“Why not?” I ask, one part obstinate and one part scrambling for solutions.
“Because my father always has redundancies,” Trips says.
“Then we remove those, too.”
RJ finally turns away from Trips. “Possible, but I’d need an in for his system.”
“Then we do that.”
Trips huffs out a breath. “Pretty much impossible. The man has his office on permanent lock-down. And with the cameras and microphones, he’ll know anywhere we go in the house. He doesn’t write down his passwords, he keeps them in his head and likes to brag about exactly how impossible they are to guess. Makes him feel smart.”
RJ’s regret weighs me down further. “And as much as I hate to say it, sugar, even if we steal everything he has on us, he can just go out and collect the evidence again. Who knows how many cameras there were in Chicago alone that caught what we were up to?”
I drop my chin to my chest, whatever I had that kept me going vanishing. “Shit.”
The meeting stalls out, the solutions I wanted not materializing. Only more problems. Problems on top of problems, issues on top of issues. And me, smothered beneath them all.
There has to be a way out of this. There has to be. I’m not going to run.
They can find the problems.
I’ll find the solution.
Chapter 10
Clara
The next day, I wake from a nightmare with a thundering heart and heavy limbs, still exhausted from the weekend, but my head slightly clearer.
Do I have a solution?
No. I have sweaty sheets and a wonderful tangle of limbs to escape from, but no answers. The icy sun, though, feels hopeful in a way yesterday’s gray blanket of cold didn’t.
My shower has my limbs moving again, albeit not with enough dexterity for a run, even though all of me wants the oblivion of miles spent running—away, through, toward, I don’t know which, but I need some combination of those directions. Only my body is wrecked.
Reflecting on the three bites of a roll I had yesterday, it doesn’t surprise me.

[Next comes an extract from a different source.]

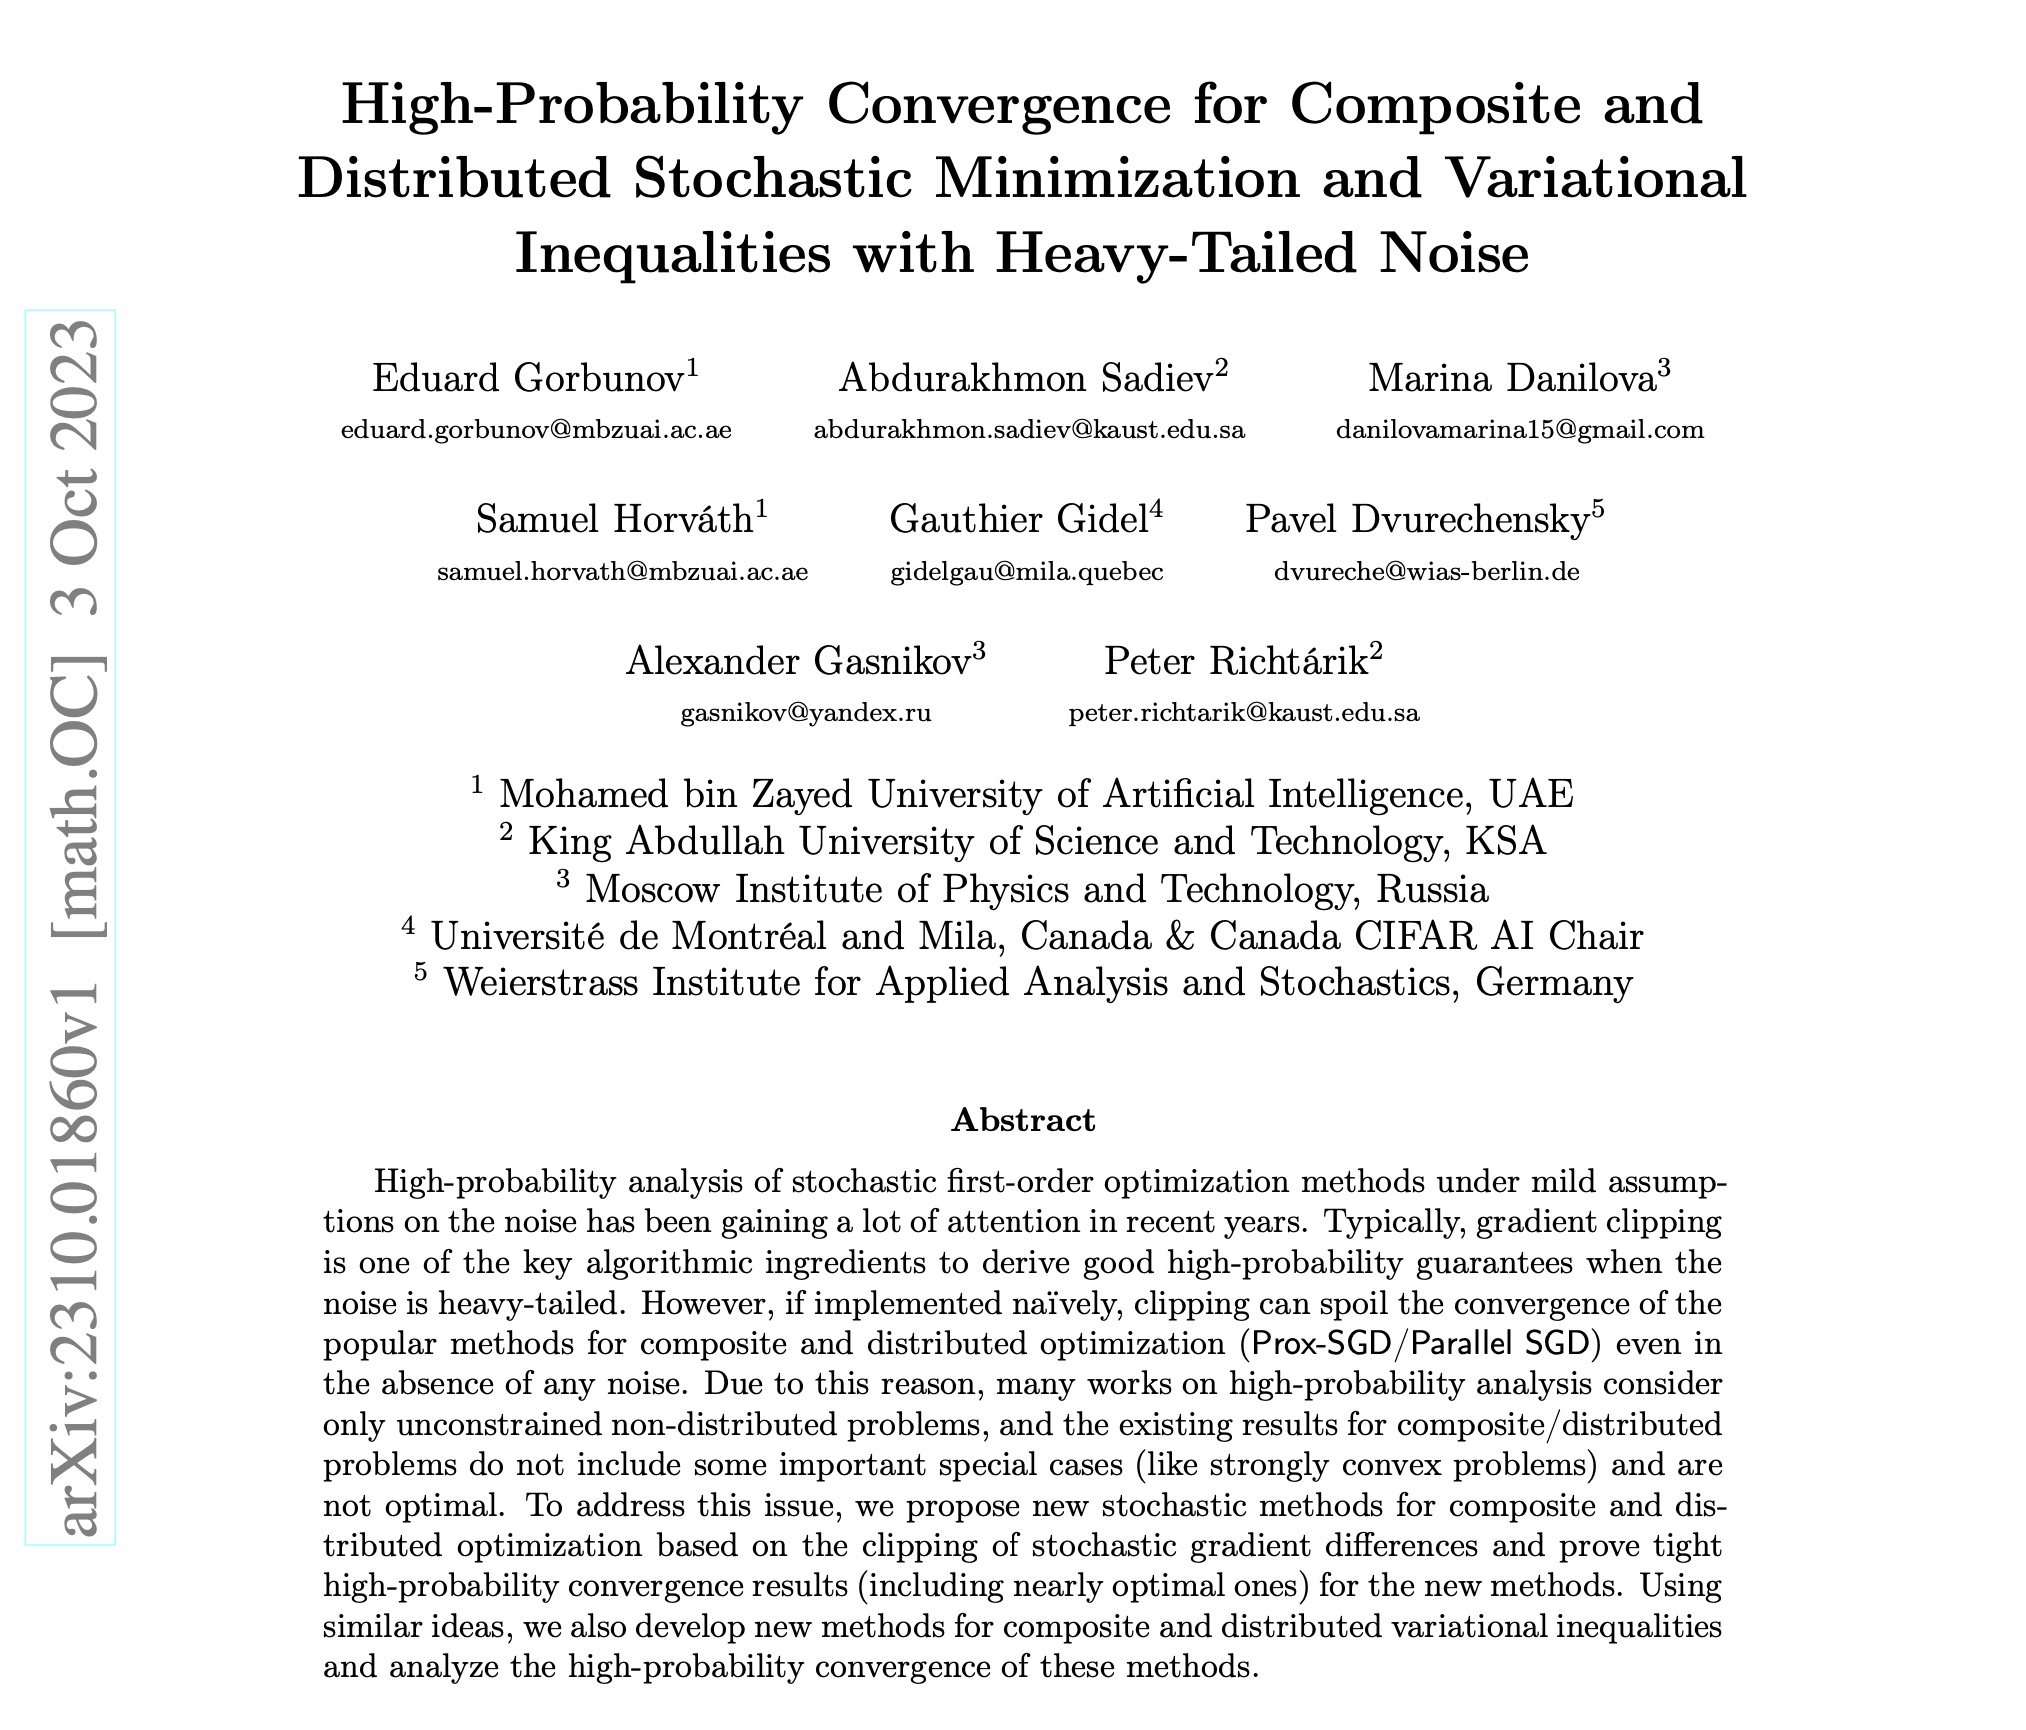 High-Probability Convergence for Composite and Distributed Stochastic Minimization and Variational Inequalities with Heavy-Tailed Noise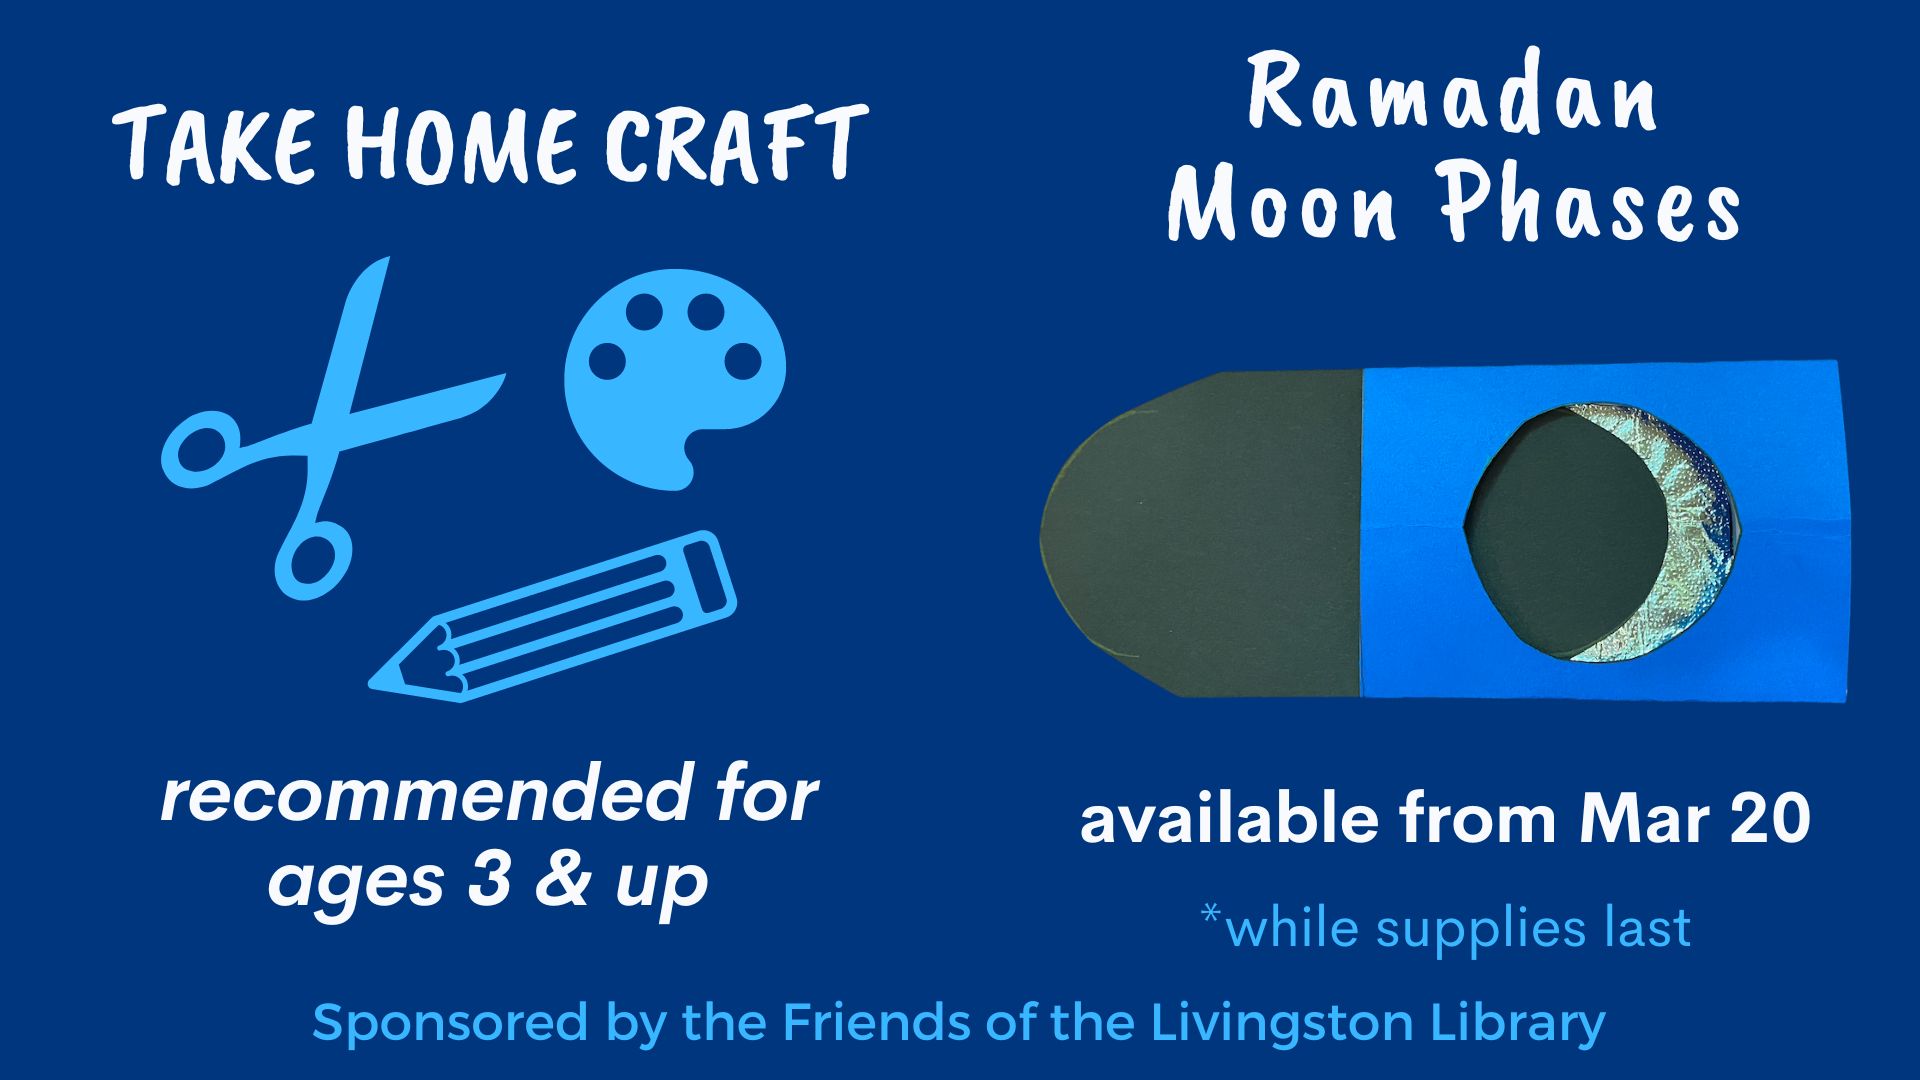 dark blue background with light blue text reading take home craft ramadan moon phases with a picture of a sliding paper moon phases craft

I promised I’d do better. I’ve failed so far. But there’s still today.
The kitchen is silent, my bed full of warm bodies still snoozing, all of them staying up long after I passed out, talking, trying to tease out what had happened, and what we were going to do about it.
Trips, however, had locked himself in his room after we gave up on brainstorming, and no one mentioned it. No one mentioned him.
Maybe if I were taking better care of myself, I’d feel something besides a heavy ache in my chest about that fact. A sense of loss but not anger. Anger, fully justified, that I can’t seem to access. Whatever burgeoning rage Trips had been teaching me to find seems to have sputtered out, leaving the same bone deep ache as the cold I almost died in.
Fire and ice.
Ice won.
Rice and vegetables look palatable, so I plop that in a bowl and toss it in the microwave, opting for nutrition over calories, even if I need both in equal measure right now. I’m shaky on my feet, the urge to fall asleep again slightly alarming considering how many hours I’ve been out.
A shuffle from the front of the house has me standing across from Trips, his cheek a purple that bleeds into red at the edges, a newfound respect for whatever martial arts training RJ has surging. Weird internal flex, but I’m done questioning anything for a day. Today, I’m just going to make it through.
No trauma. No disasters. Nothing to make today hellish and inescapable. I want one singular boring day. Just one. Food, fucking, and terrible movies. I have a plan. And this one won’t put anyone, including myself, in danger.
Trips drops his eyes as he comes into the room, yanking open the fridge as I make us a pot of coffee.
How often has he made me coffee? Bought me coffee?